#### Data excerpt ####

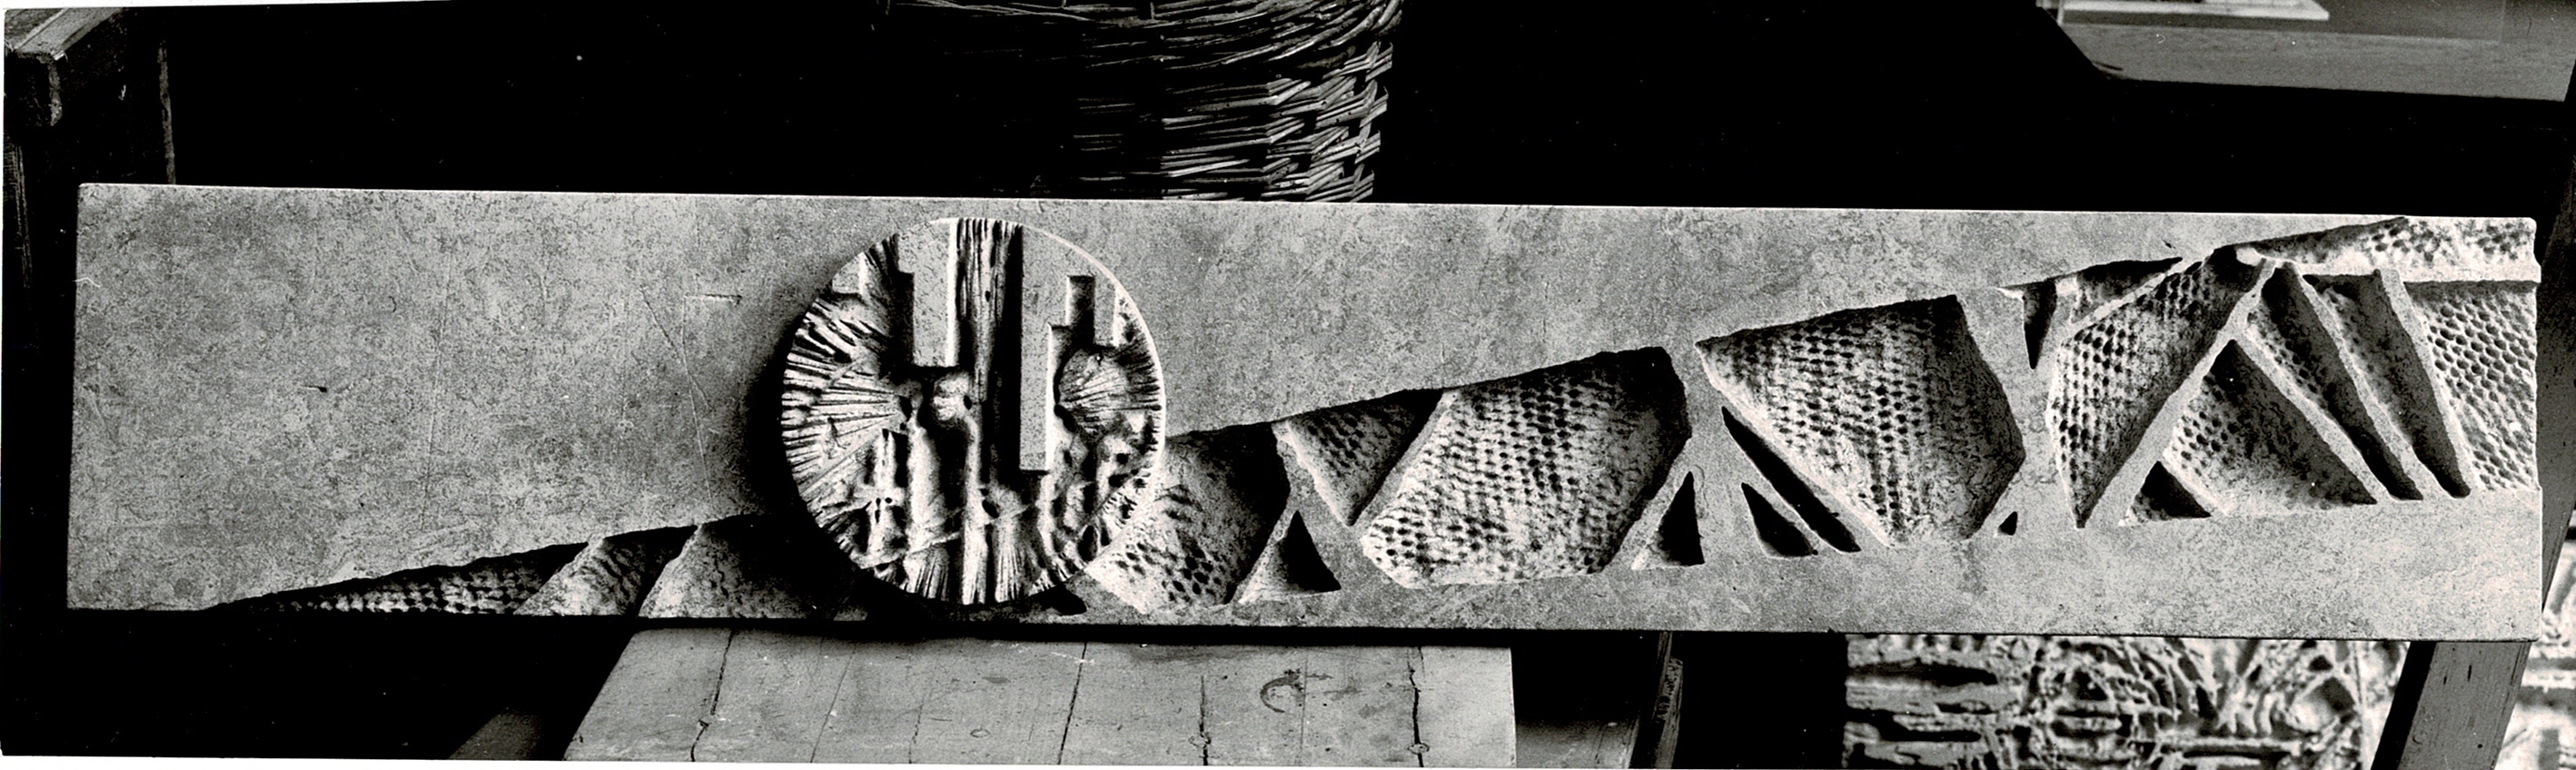 Pískovcový model reliéfu Zrození uhlí, fotografie z archivu Vladislava Gajdy
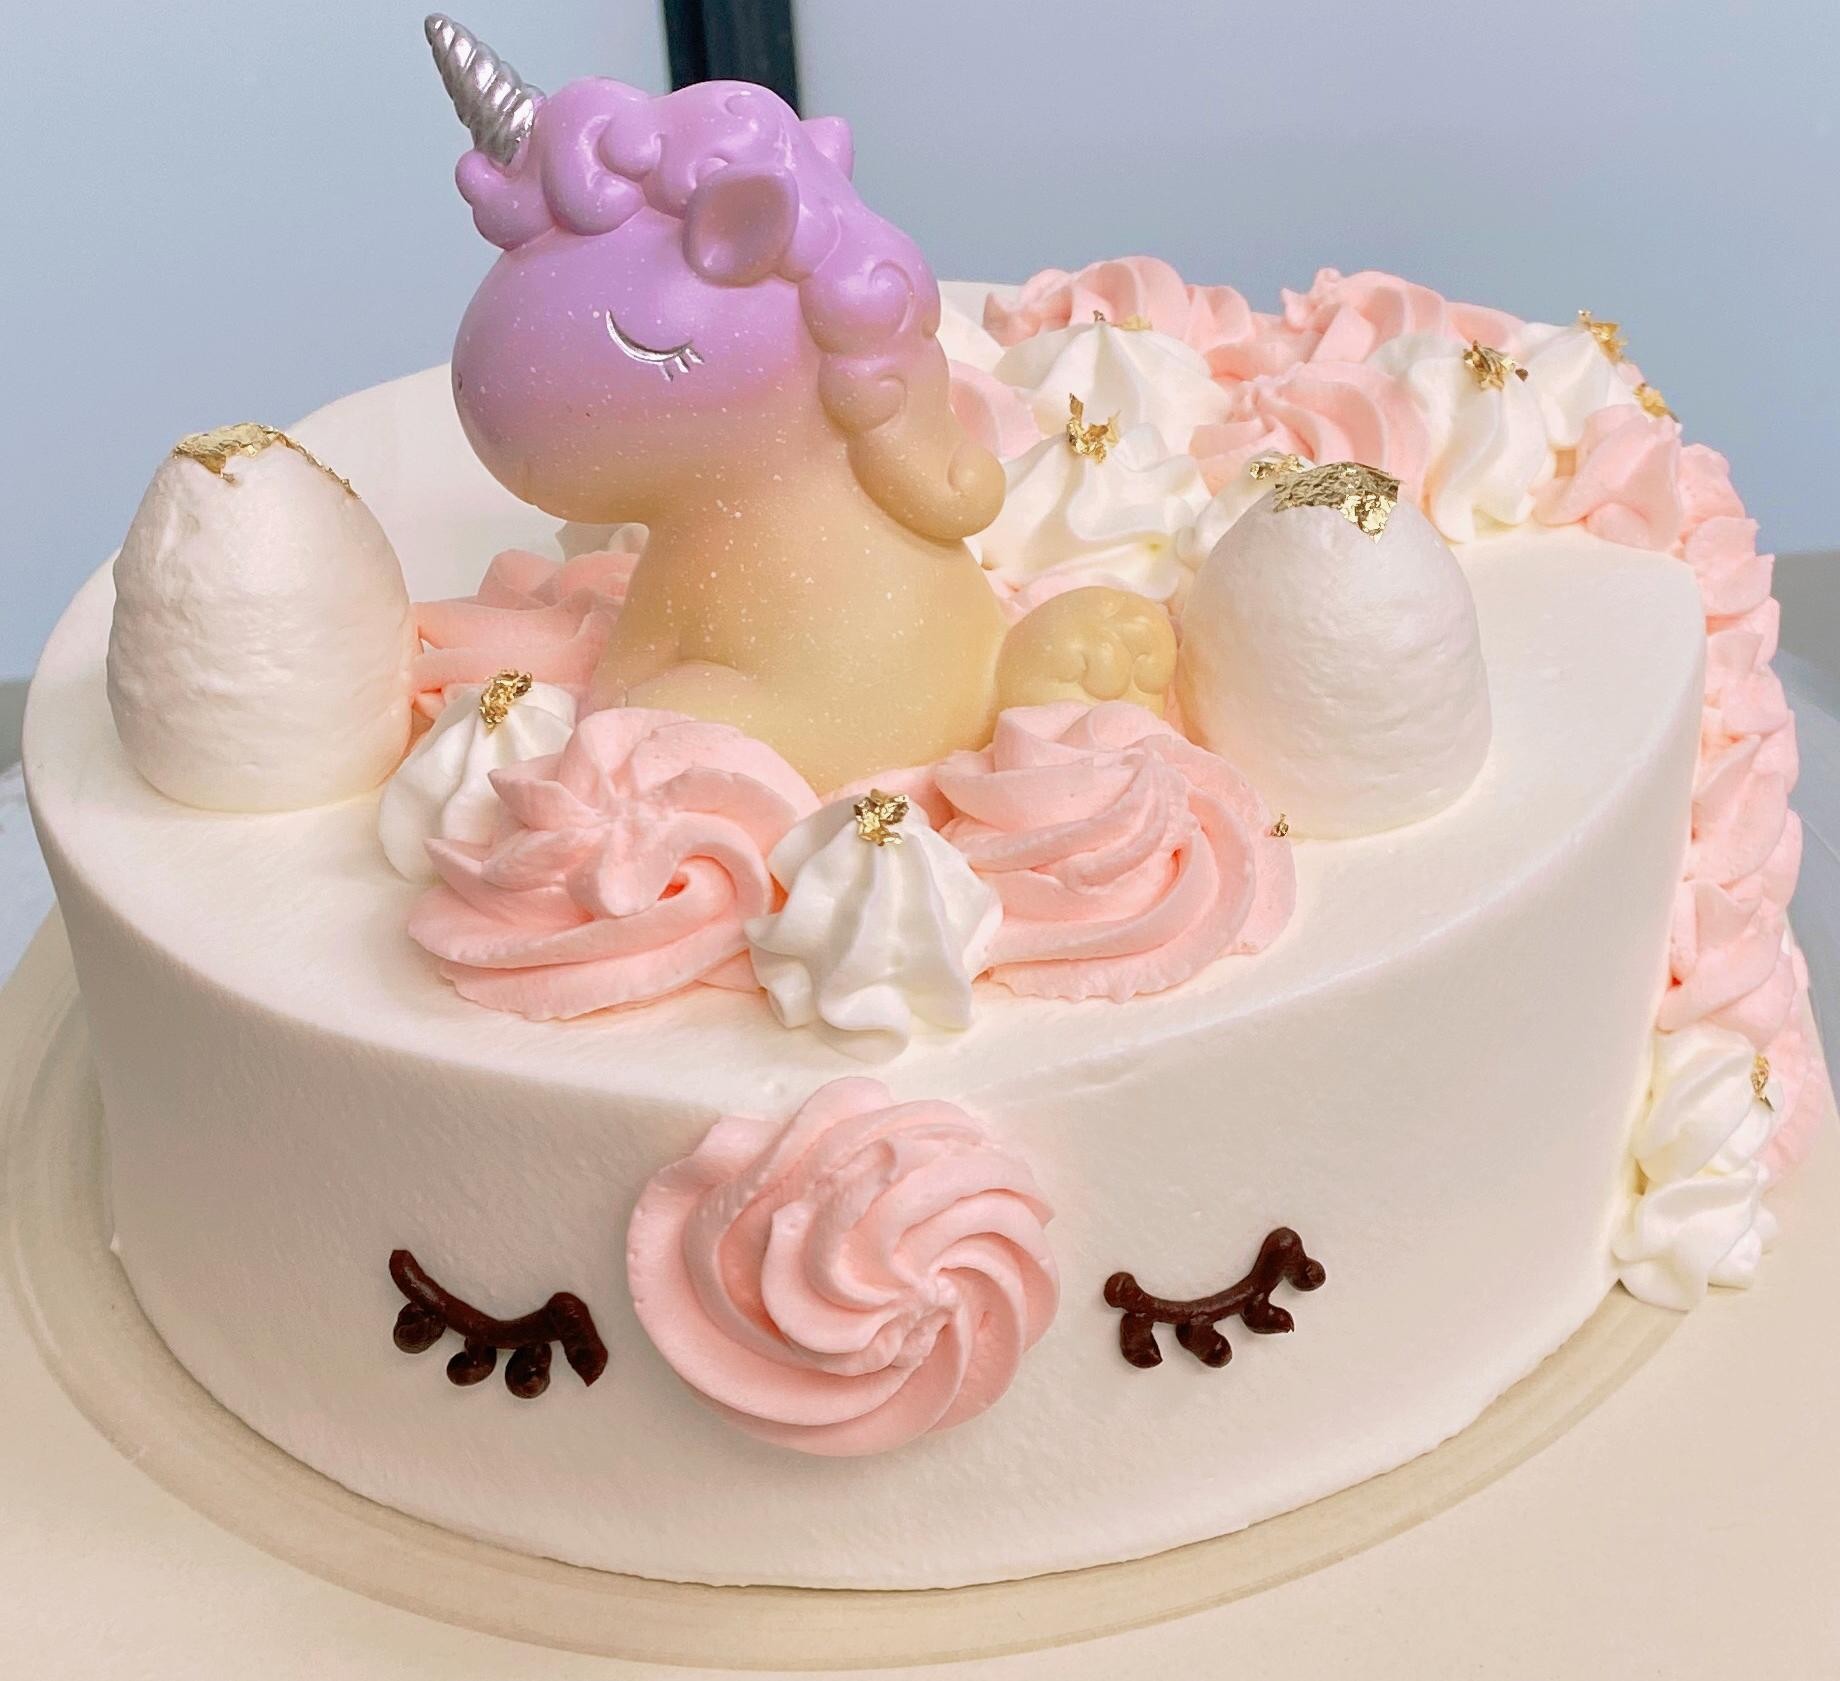 Customized Unicorn Cake
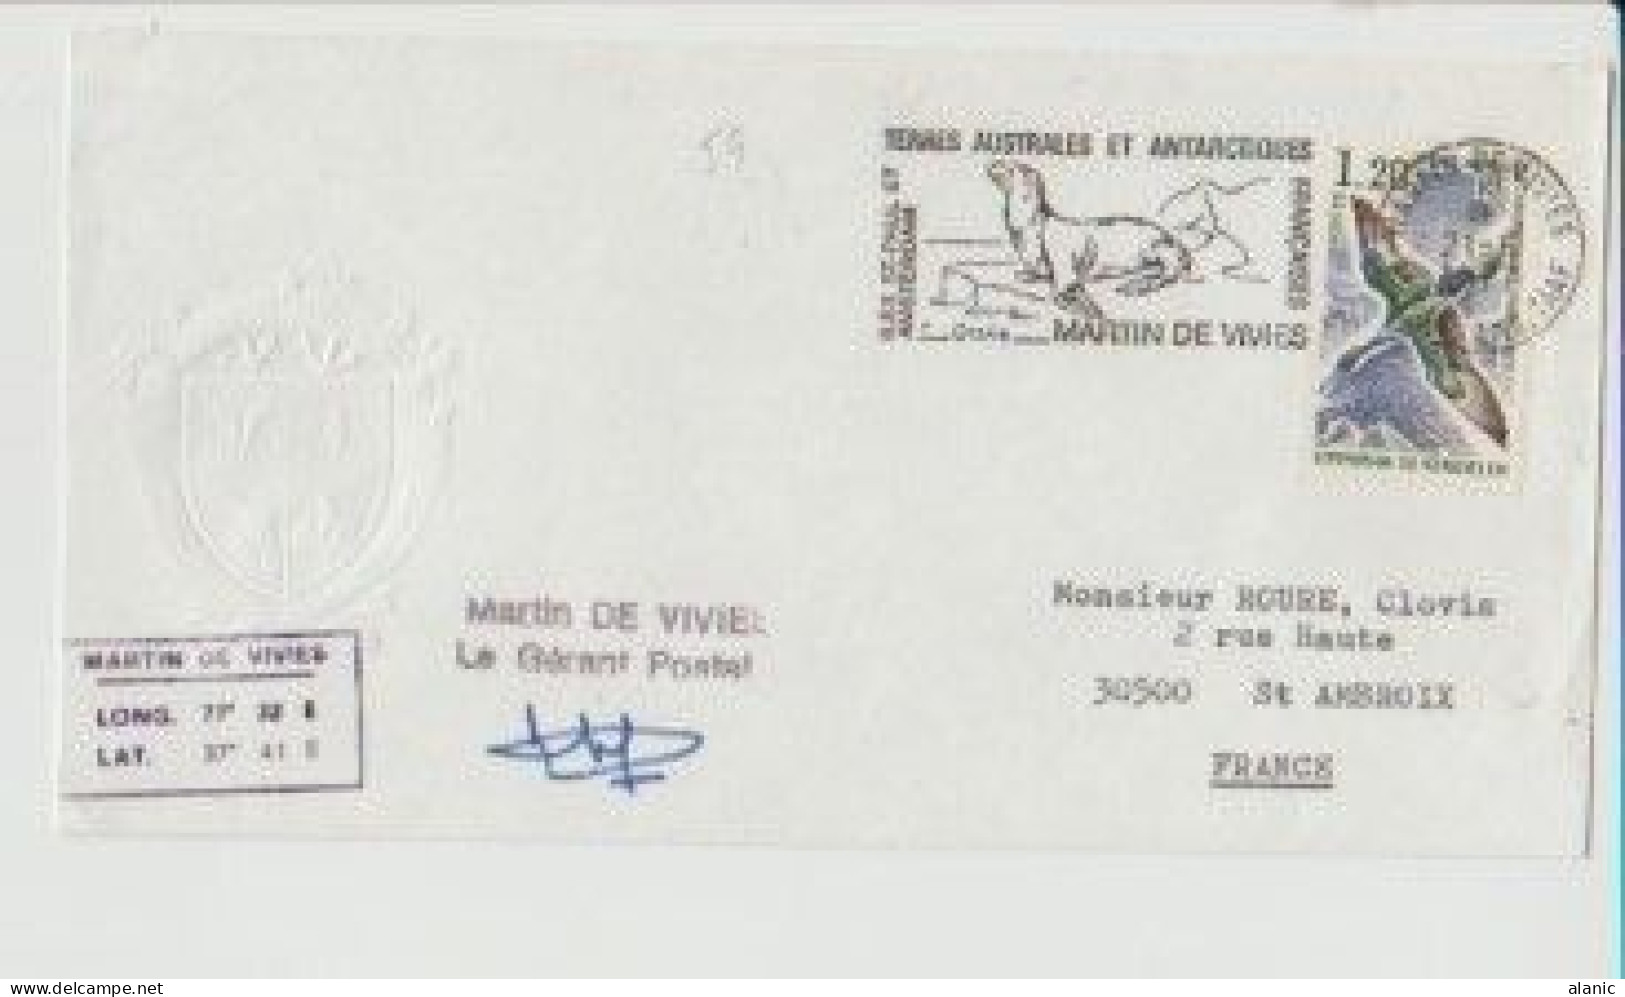 TAAF SUR LETTRE N°59 -ILES ST PAUL ET AMSTERDAM /MARTIN DE VIVIES Pour St AMBROIS 21-6-1977 Avec Signature - Covers & Documents

####

§ **What is needed**
Only the lines from the one with "Customized Unicorn Cake" through the last line of the listing belong in your answer; copy them exactly and skip the pictures.

§ **Result of this exercise**
 Customized Unicorn Cake
 TAAF SUR LETTRE N°59 -ILES ST PAUL ET AMSTERDAM /MARTIN DE VIVIES Pour St AMBROIS 21-6-1977 Avec Signature - Covers & Documents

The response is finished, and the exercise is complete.